The thing with the baby boomers is we're going to be cool at every age. I'm 48 now. I work out twice a week, and the people next to me are always older than I am.

Though I'm still in the parenthood stage-I have 9-year-old twins at home-I want to be strong before I'm out of it. The time to get strong is when you're still in the thick of it, and not to be like so many of my 50-year-old friends who flounder when that last kid goes to college. I want to know exactly who I am, exactly how I can get through the day right now! There's work to be done on the self that's apart from the family.

How could something as simple as getting back to your childhood passion-riding or joining a choir or playing basketball-be such a transforming experience?

You validate yourself by yourself. It's not someone telling you how well you're doing. It's the thrill of accomplishment, the thrill of the ride.On horseback I just joy-ride. I'm not competitive anymore, I just get on my horse and go. I'm not doing it for the reward. I'm doing it because it makes me feel happy, I'm capable at it. Too often as parents we're relegated to the sidelines of life. We watch as our children exult in new sports, they get up on water-skis for the first time. They score a goal or they place in a state tennis match, and what do we do? We shlep `em around. I say, get back in the game.

I know a lot of people taking piano lessons for the first time at 50, I know a lot of people working out with weights for the first time at 67. My mother is not the only 83-year-old working out at her gym in Chicago.
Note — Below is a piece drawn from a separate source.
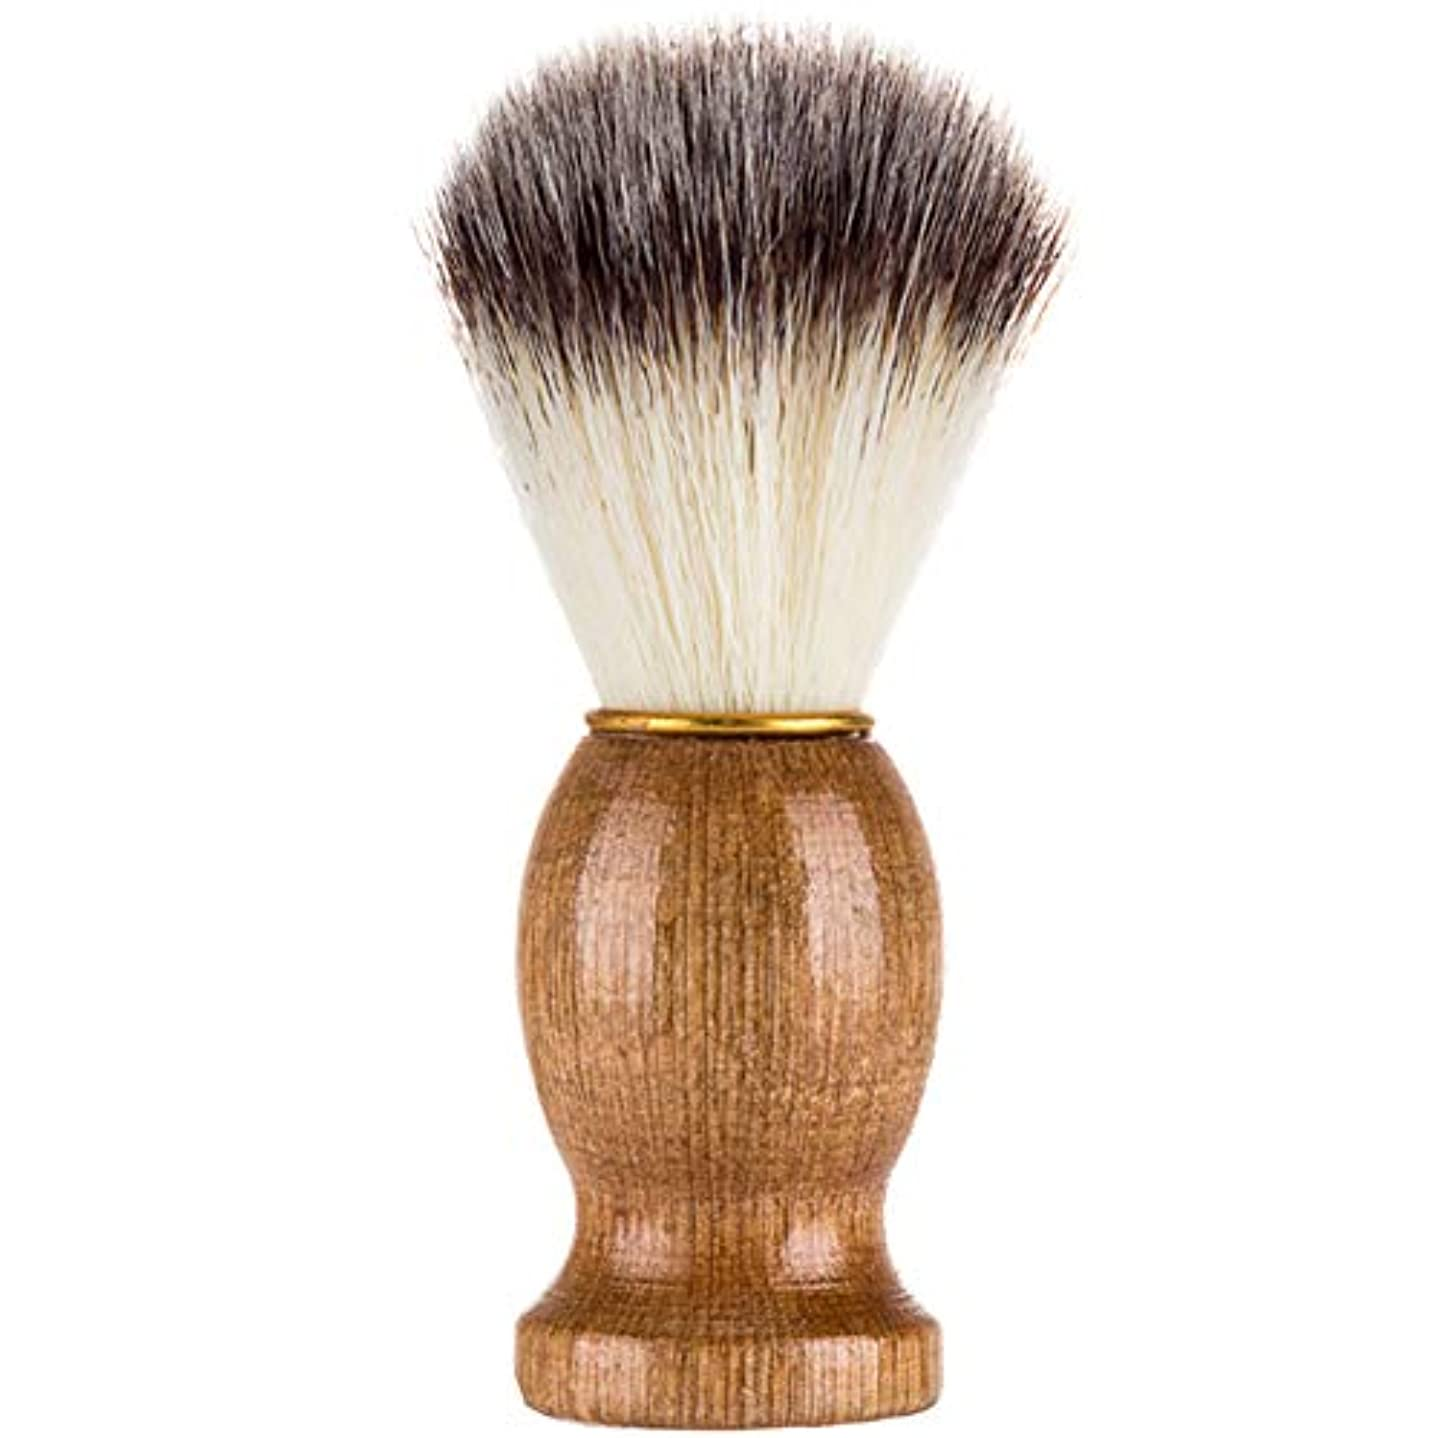 Xlp シェービングブラシ、シェービングブラシ、男性シェービングブラシシェービングかみそりブラシサロン理髪店用ツールひげ剃り用品

What do you tell people who are disappointed with their lives, who look back at all the might-have-beens?

We have the power right now to live our lives with urgency. The people who are disappointed with their lives need to change their lives right this minute. And they can! And it doesn't mean leaving your job, it means doing something that makes you feel good about yourself. Don't let yourself die. You're still alive.

In the chapter "Can Botox Fix Your Soul?" you come down hard on plastic surgery. Why are you so critical of it?
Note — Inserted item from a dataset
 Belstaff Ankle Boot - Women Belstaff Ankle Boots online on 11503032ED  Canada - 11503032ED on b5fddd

Men and women seeking plastic surgery need to make sure they are doing so for the right reasons. Those who think a facelift or lifting other body parts can resurrect a sagging life are setting themselves up for disaster. ...We all have friends who go at it again and again, with repeated liposuction and implant procedures, and multiple Botox treatments. To what end? Even in the hands of the [best] surgeons, you can never win the race against time. Wrinkles and rolls return. So I say we work on accepting the vision in our mirrors as the aging process naturally unfolds, staying in the best possible shape with a healthy diet and committed exercise program.

Those of us striding swiftly into middle age need to band together to shatter any lingering myths that being sexy and whole has anything to do with age. I would never want to be 27 again. At 27 I was floundering. At 48, I know exactly who I am. There are plenty of mature, unretouched people in my book with sexy, adventurous, very hot lives. When you are passionate about who you are and what you are doing, added lines and increasing strands of gray don't seem to matter as much.